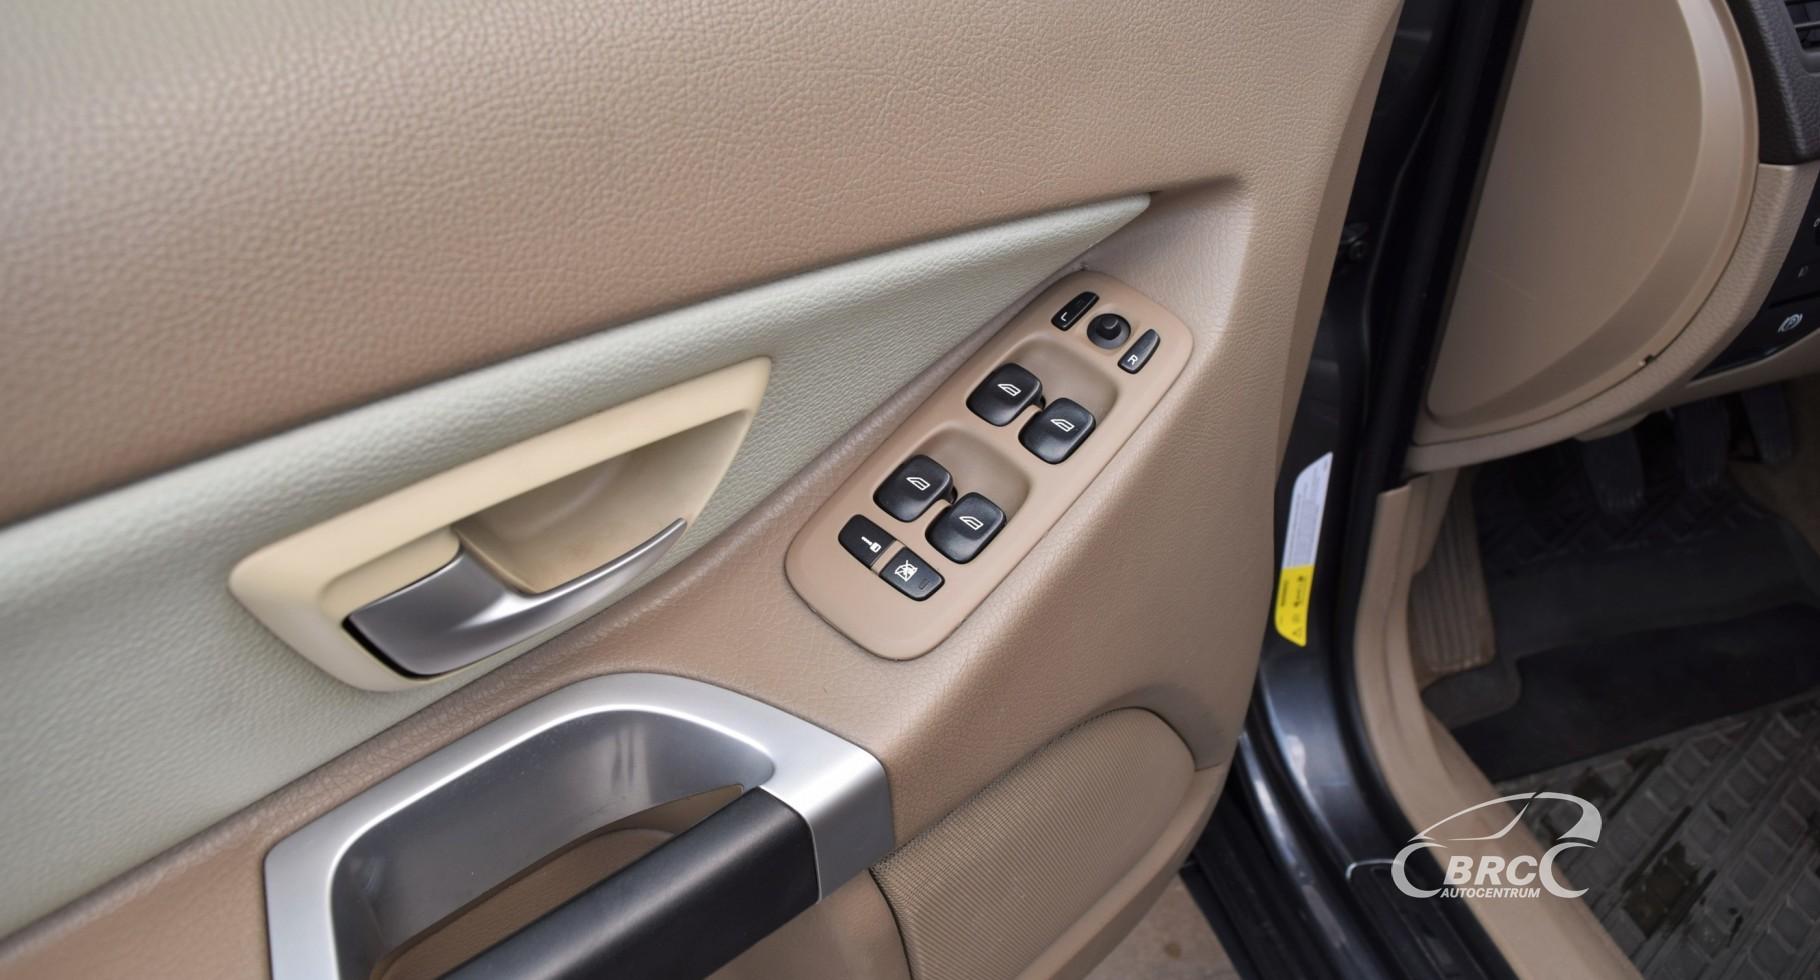 Volvo XC 90 D5 AWD 7 seats
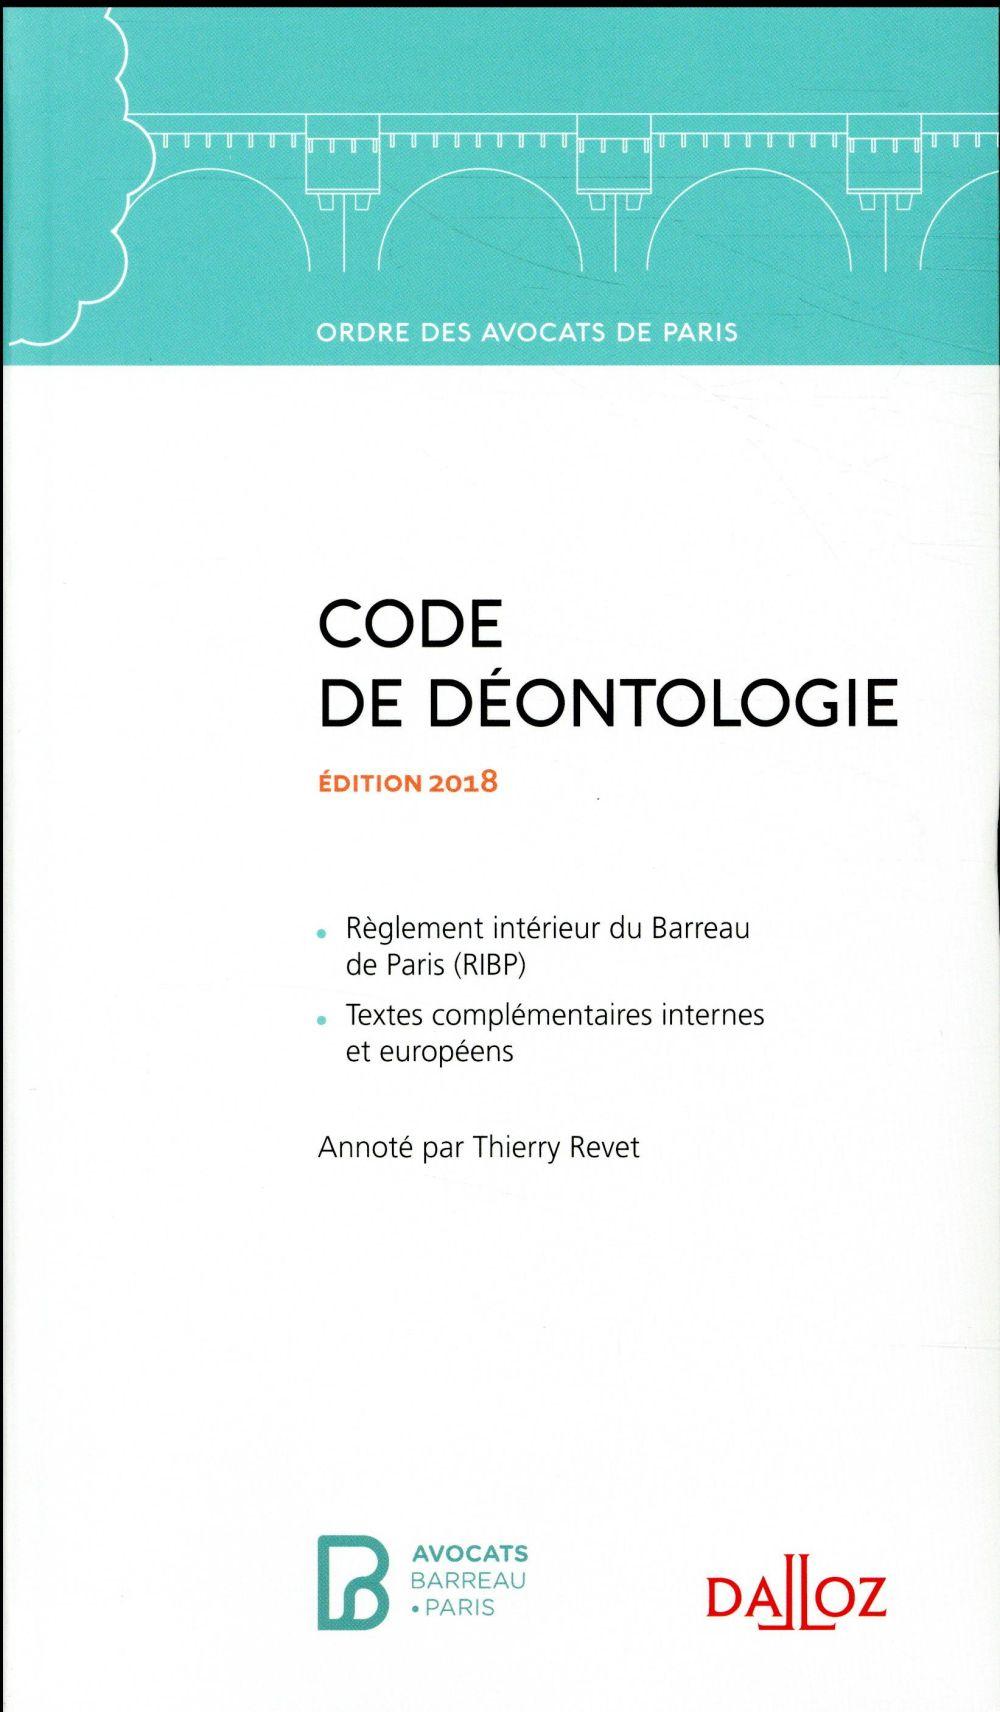 Code de déontologie de l'ODAP (édition 2018)
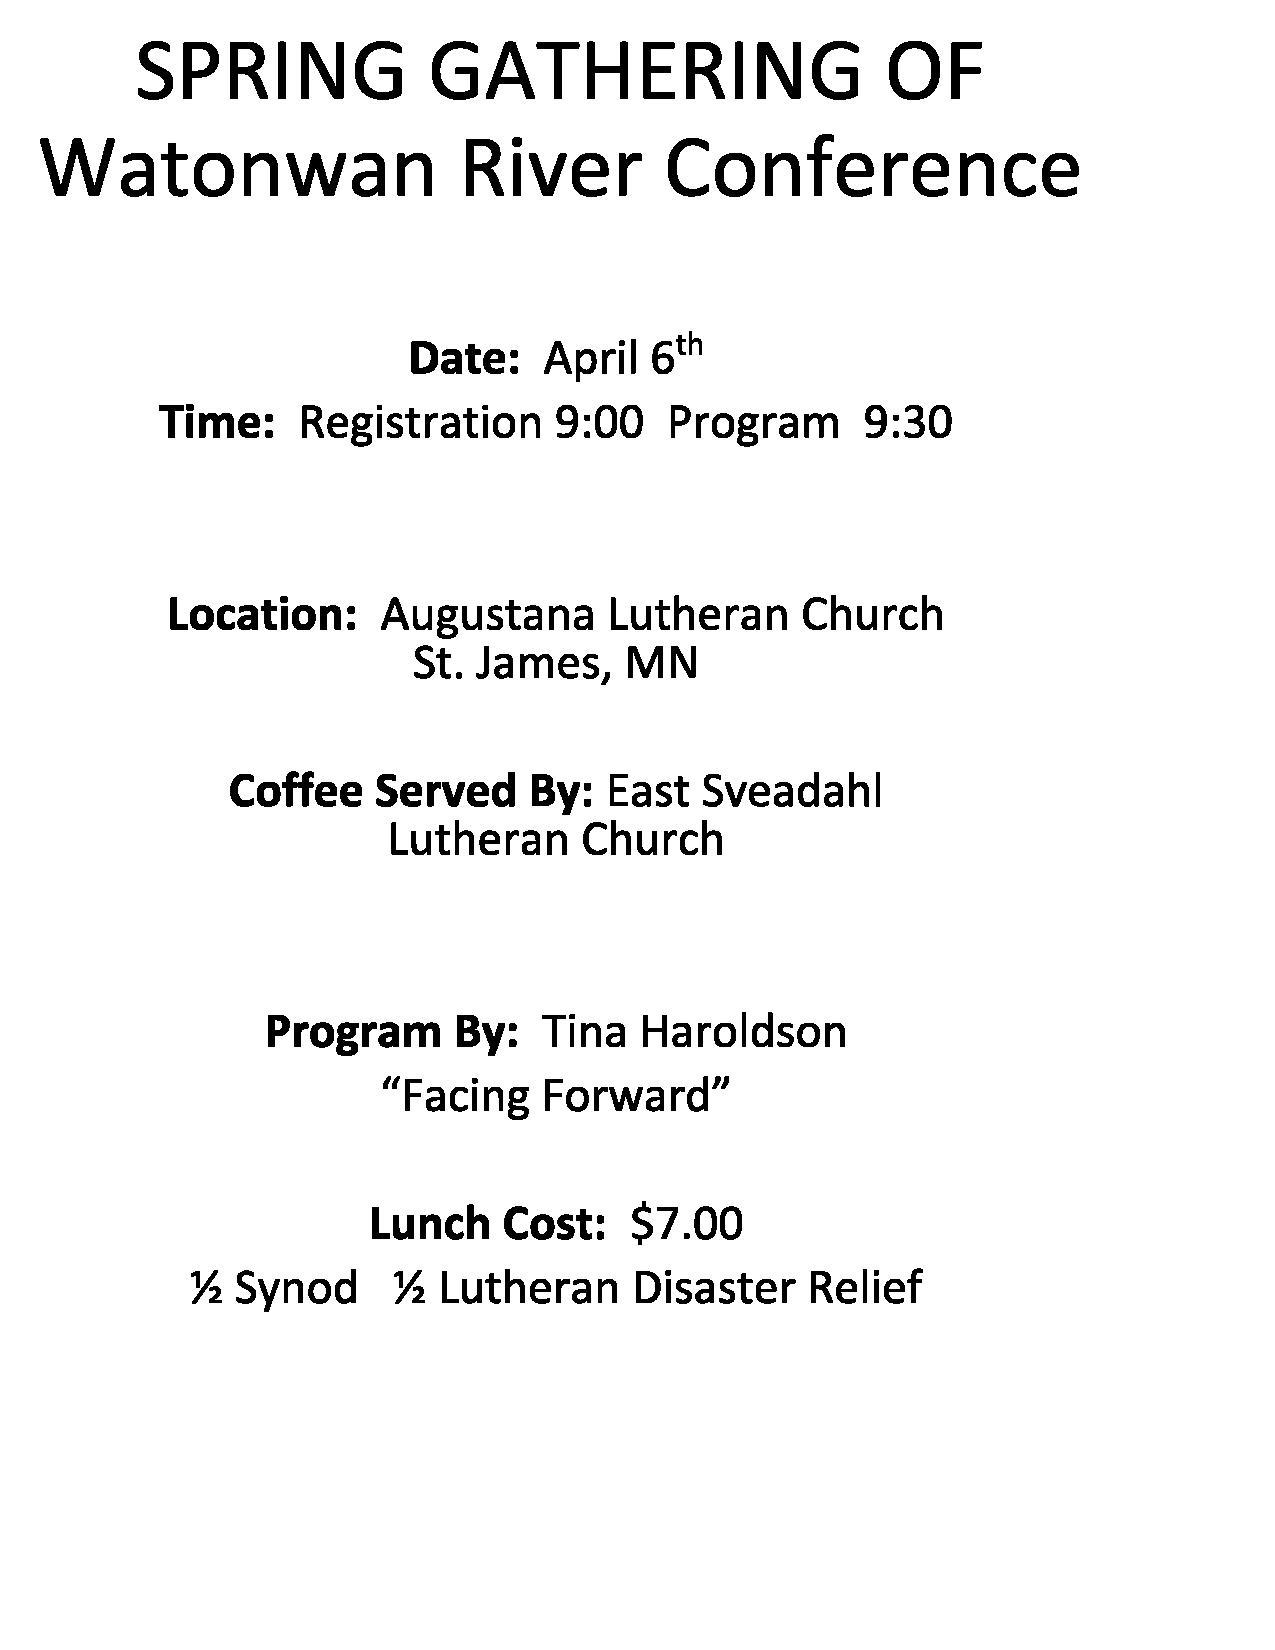 Watonwan River 2019 Spring Gathering @ Augustana Lutheran Church
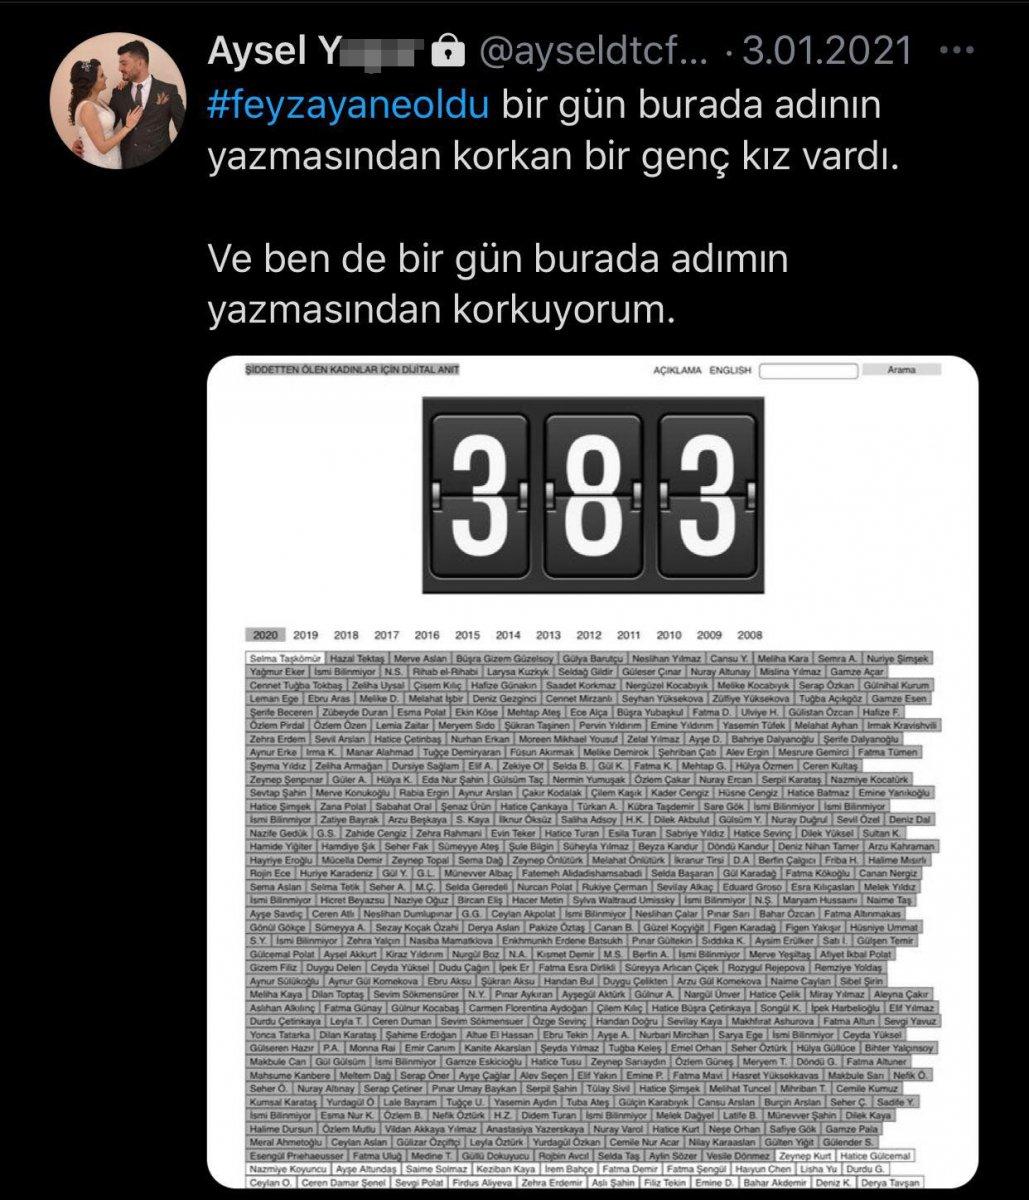 Yozgat ta düğününden 6 gün önce öldürüldü  #3

THE TASK >> Nothing but the lines from the one containing "Watonwan River 2019" through the end of the listing is to be output, and those lines are to be output exactly, pictures excluded.

EXERCISE RESPONSE >>
 Watonwan River 2019 Spring Gathering @ Augustana Lutheran Church
 Yozgat ta düğününden 6 gün önce öldürüldü  #3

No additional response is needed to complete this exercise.